Asset tasks fire immediately for each slide and their results are flushed to the client as soon as they resolve, even while later slides are still being generated.

Sources: [servers/fastapi/api/v1/ppt/endpoints/presentation.py:385-519]()

---

## Alternate Input: Slides Markdown

Instead of a topic, callers can submit `slides_markdown` — a list of pre-written Markdown strings, one per slide. The pipeline adapts:

- Outline generation is **skipped**; the markdown is wrapped directly into `SlideOutlineModel` instances.
- A different system prompt is used for layout selection that focuses on matching layouts to markdown structure (table detection, image detection, etc.).
- `get_images_for_slides_from_outline()` scans each markdown string for embedded image URLs and passes them into asset fetching so they are used instead of generated images.

Sources: [servers/fastapi/api/v1/ppt/endpoints/presentation.py:748-756](), [servers/fastapi/utils/outline_utils.py:184-205]()

---

## Two-Phase UI Flow (Create + Prepare + Stream)

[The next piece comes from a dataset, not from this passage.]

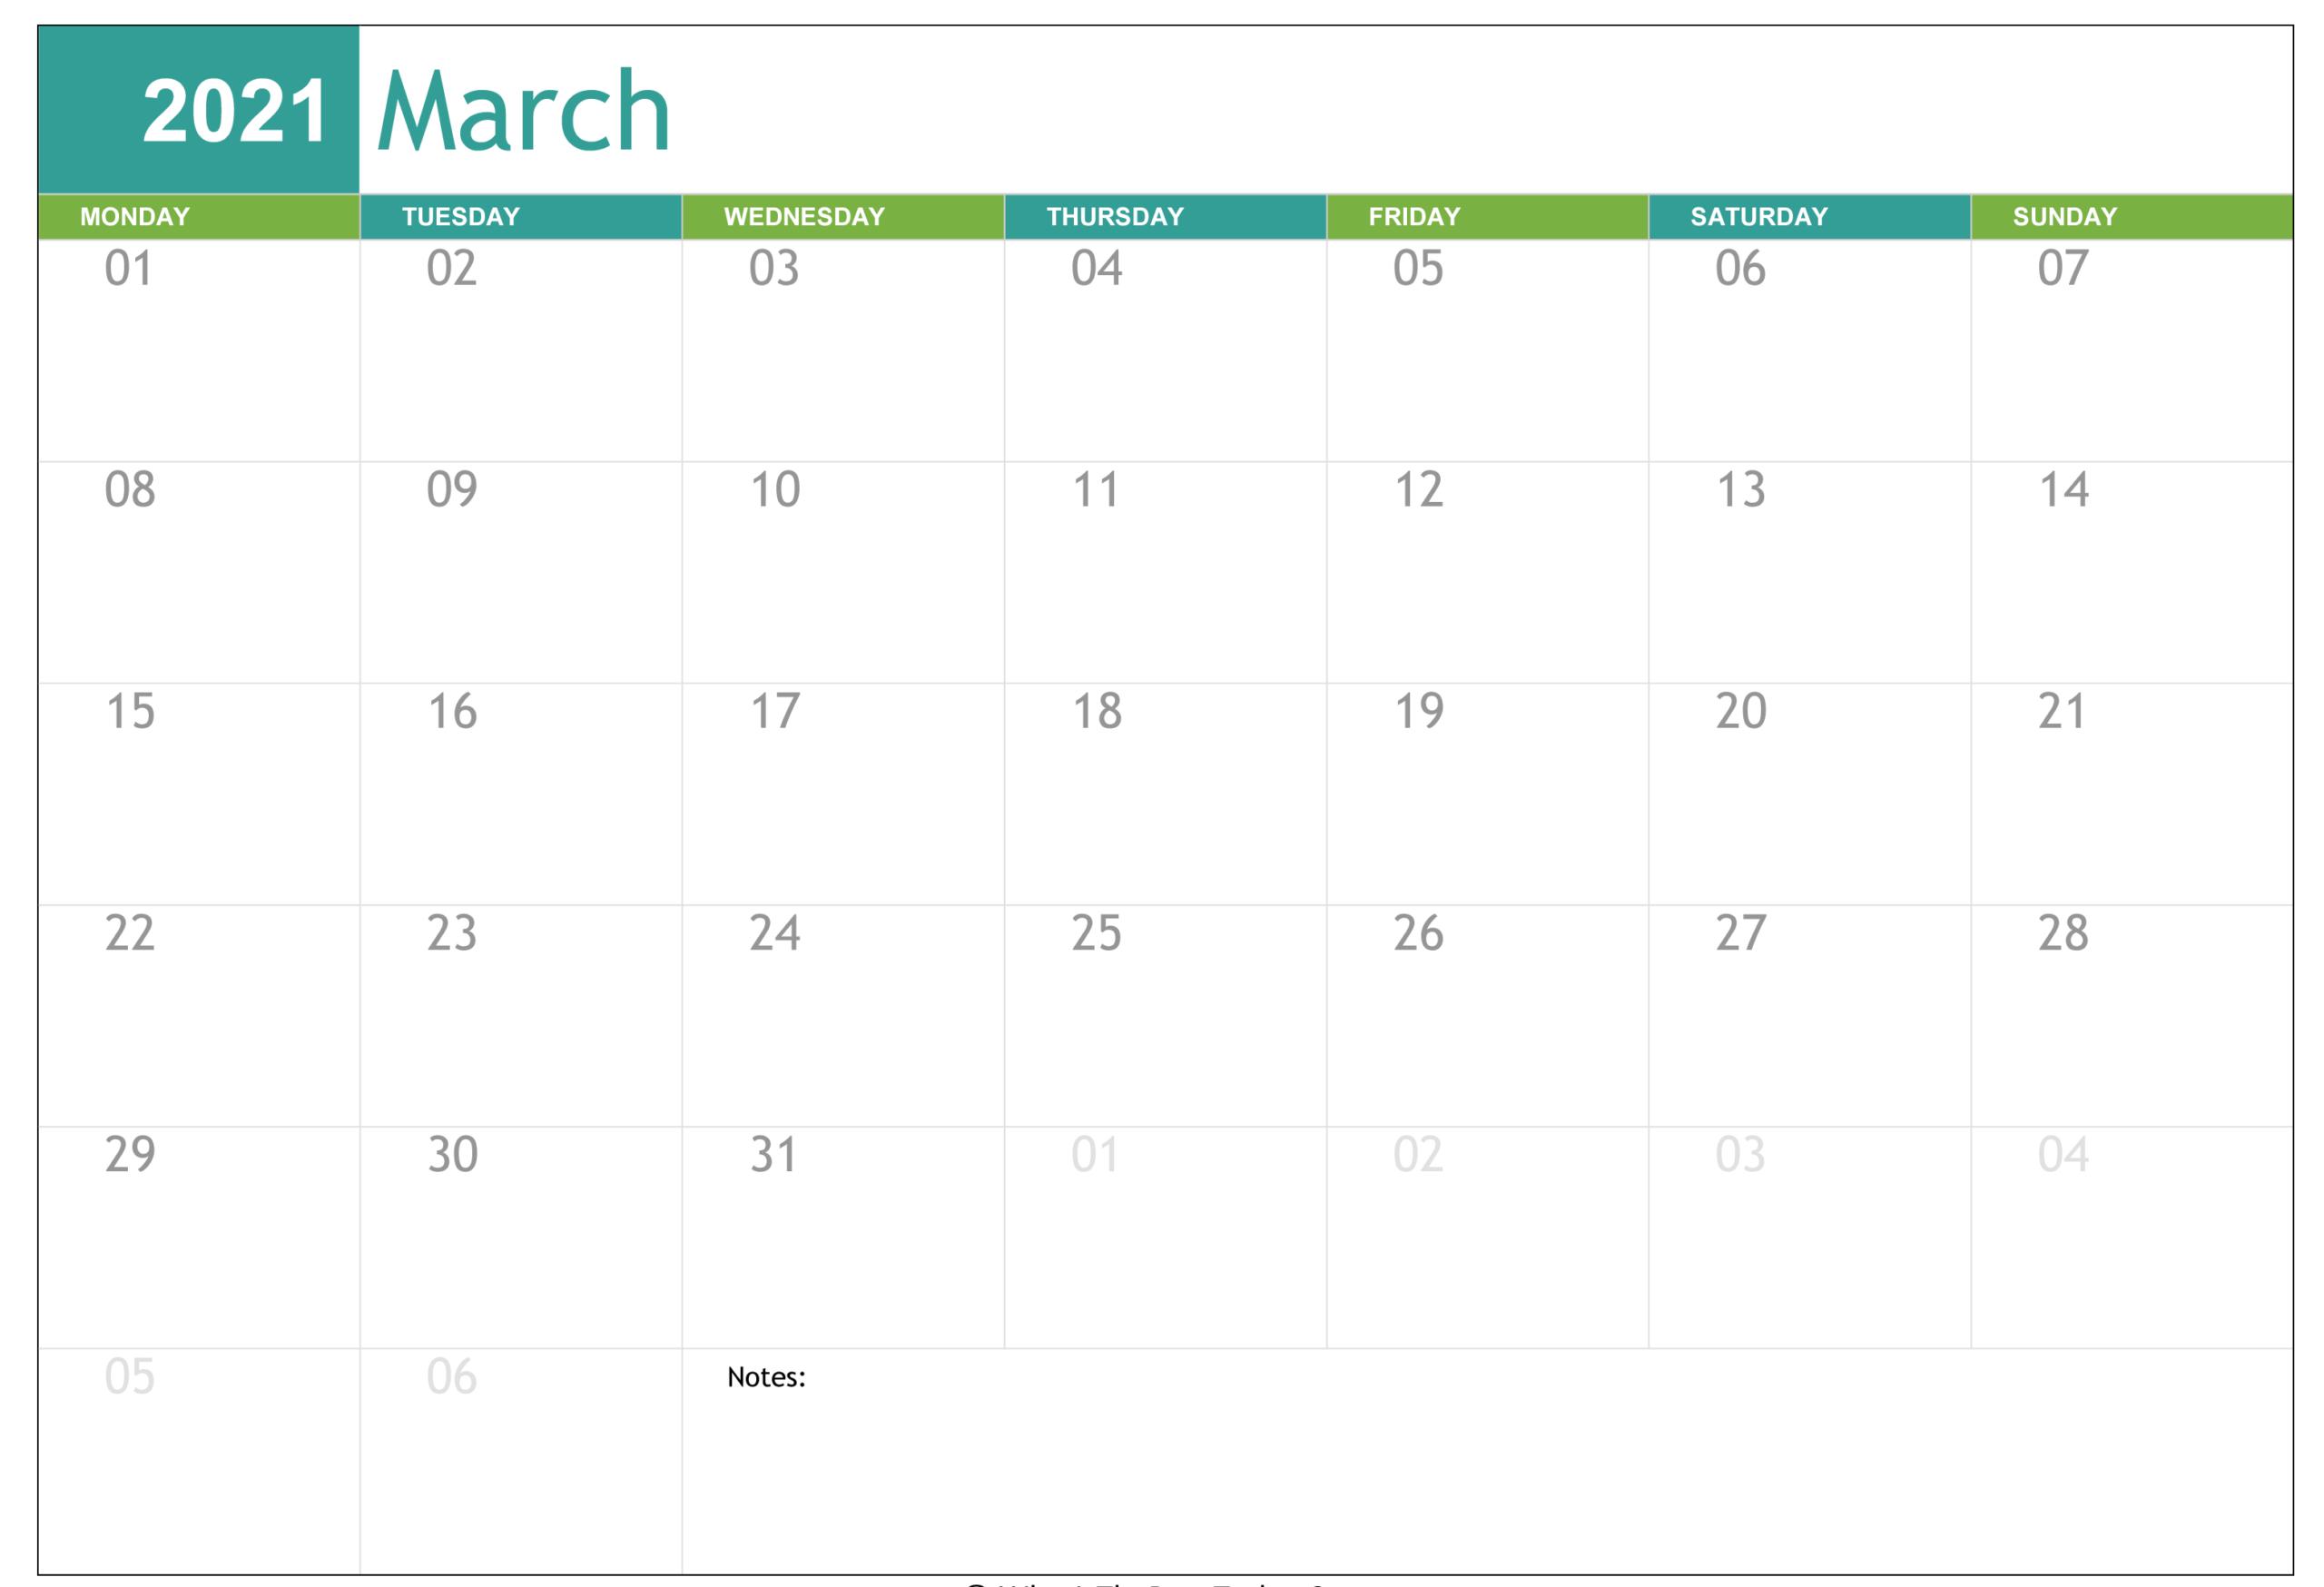 Print March 2021 Calendar Uk Bank & Public Holidays - Web-2021 Uk Calendar With Bank Holidays

The API also exposes a more interactive, step-by-step path for the UI:

1. `POST /presentation/create` — saves the raw request and returns a `PresentationModel` ID.
2. `POST /presentation/prepare` — takes user-edited outlines and a chosen layout, runs layout selection, inserts TOC entries, and saves the structure.
3. `GET /presentation/stream/{id}` — streams slide content and assets using the prepared structure.

This allows the UI to show the generated outlines and let the user revise them before content is committed, without re-running the expensive outline LLM call.

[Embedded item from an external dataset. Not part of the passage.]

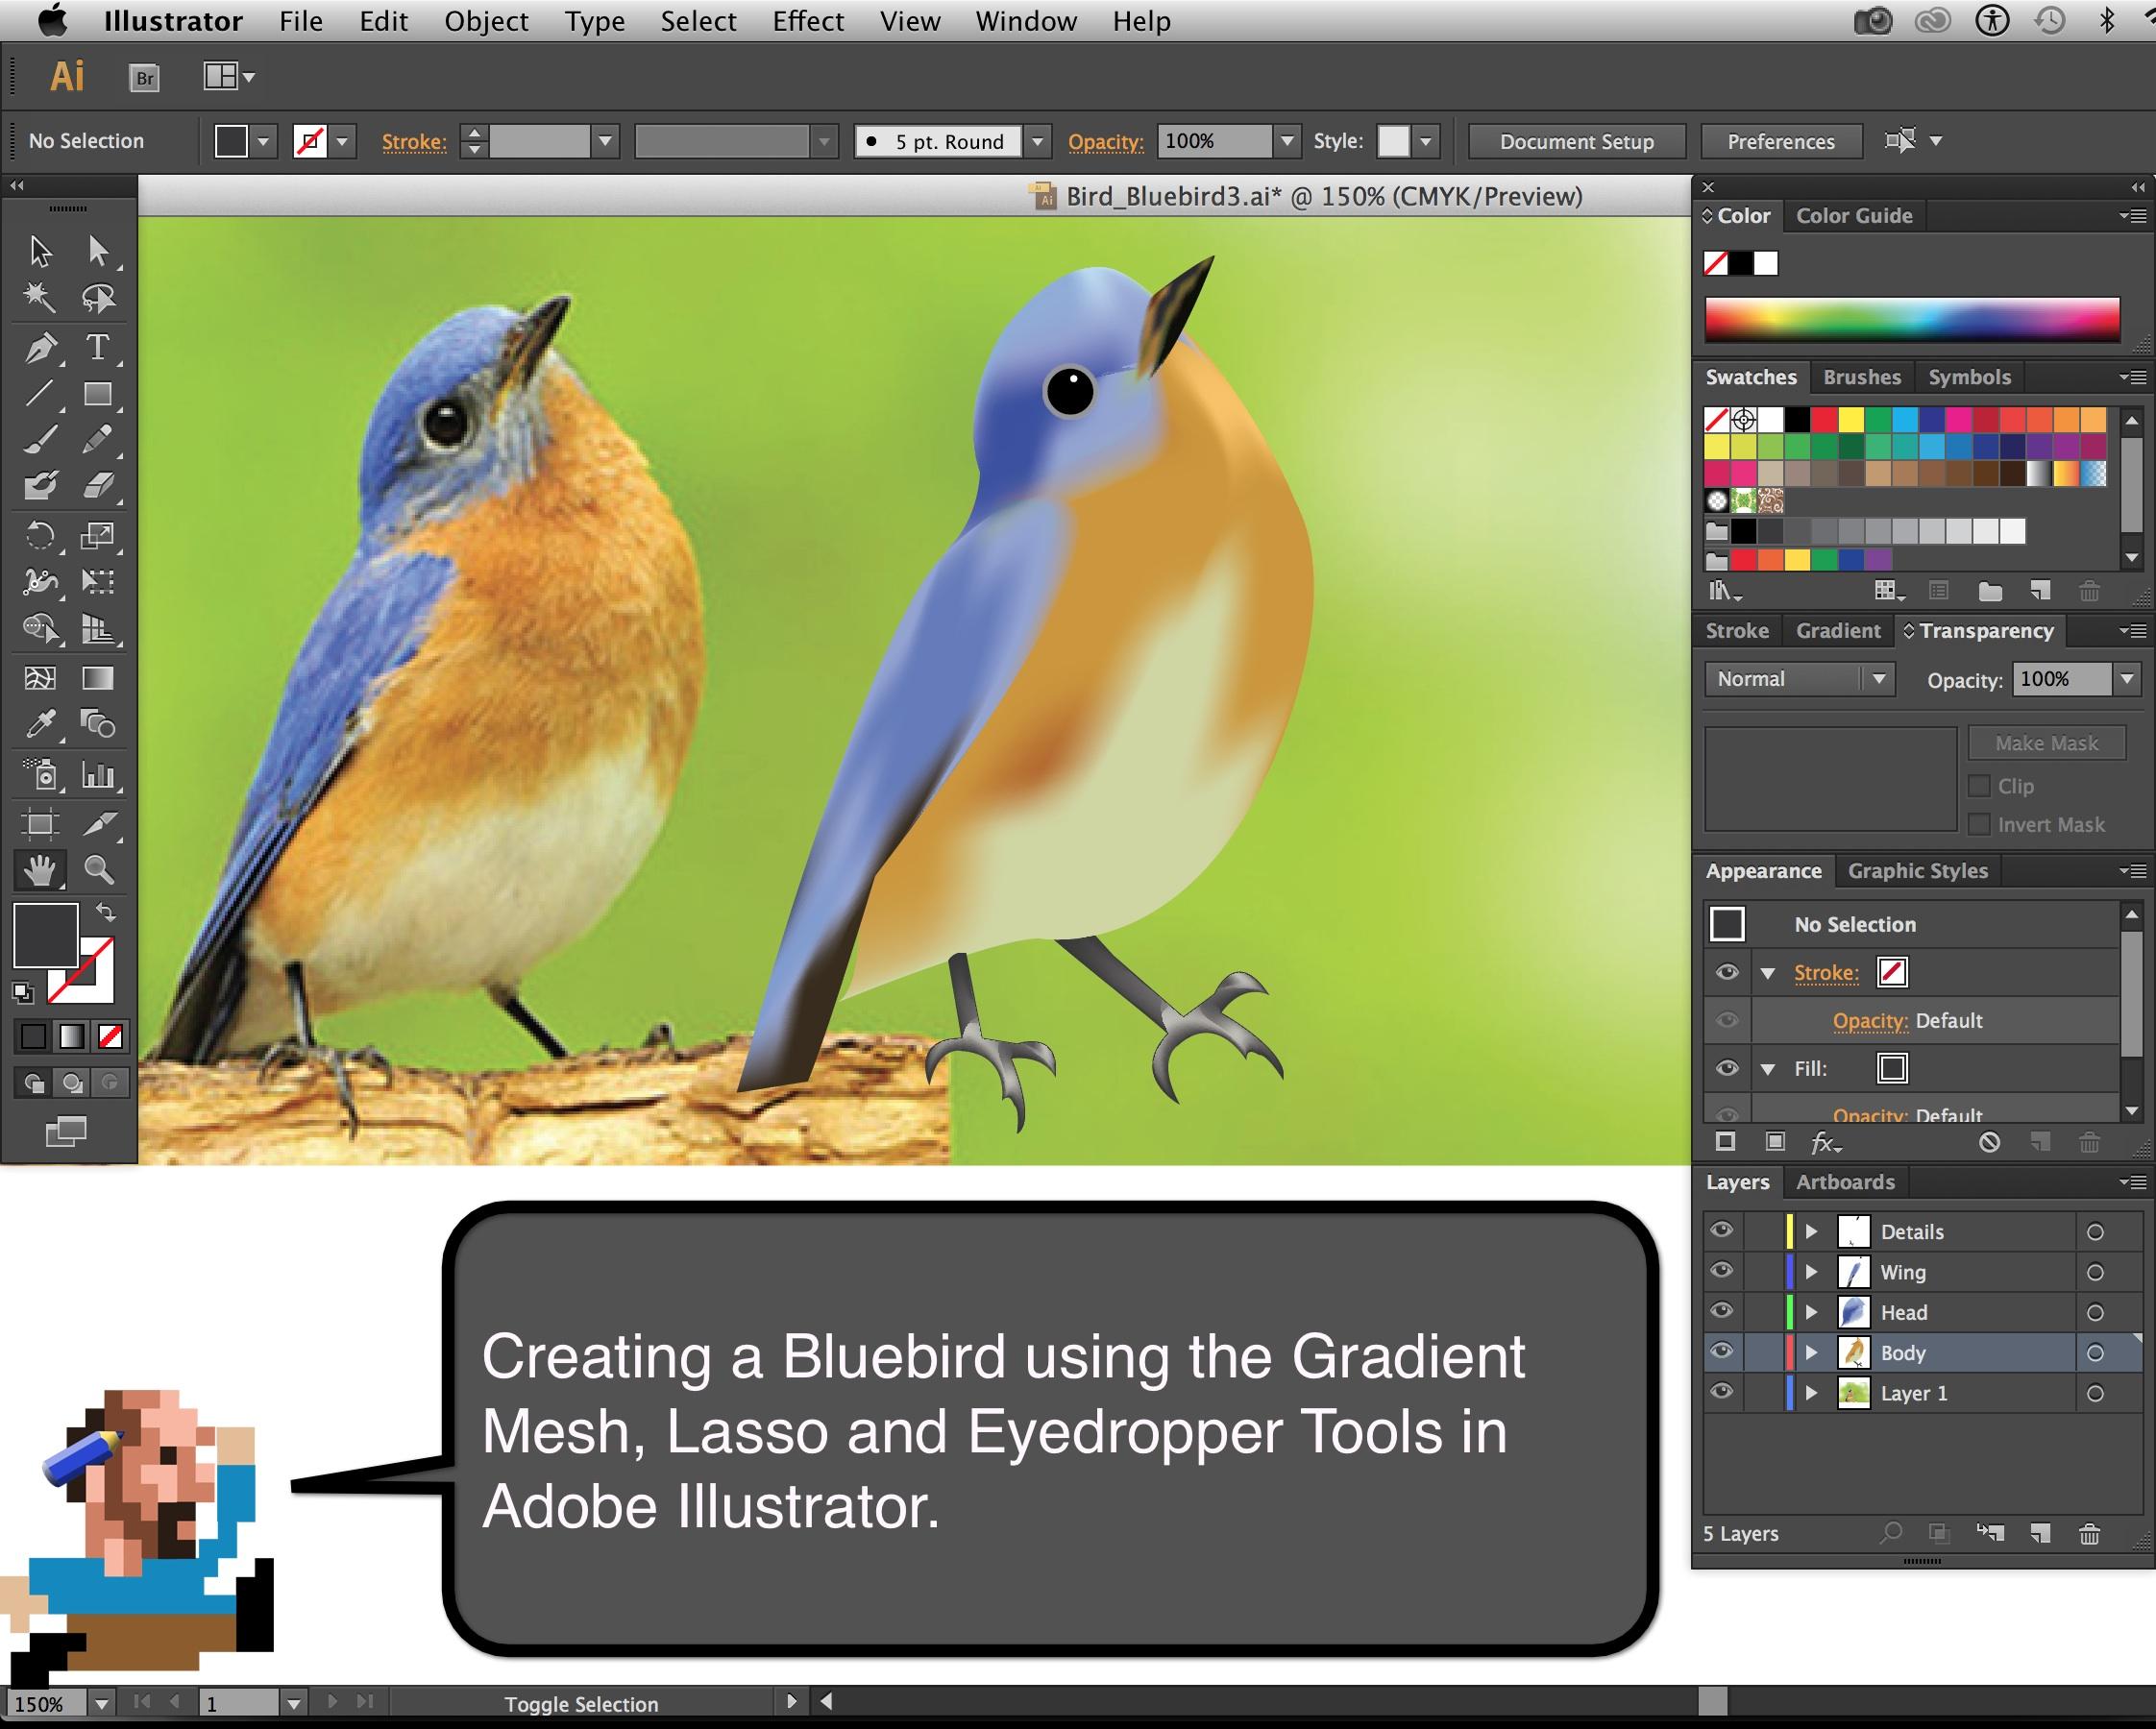 Bluebird_Aim

Sources: [servers/fastapi/api/v1/ppt/endpoints/presentation.py:232-363](), [servers/fastapi/api/v1/ppt/endpoints/presentation.py:365-519]()

---

## Summary

A user's prompt travels through five LLM interactions (outline, layout selection, and one call per slide) coordinated entirely within a single async Python process. The FastAPI backend pipelines these calls to overlap network I/O — asset fetching runs concurrently with content generation for subsequent slides — so the total wall-clock time is far less than the sum of individual call latencies. The final output is a file on disk plus a database record that the frontend uses to render the editable presentation view. The full orchestration lives in `generate_presentation_handler()` at [servers/fastapi/api/v1/ppt/endpoints/presentation.py:628-989]().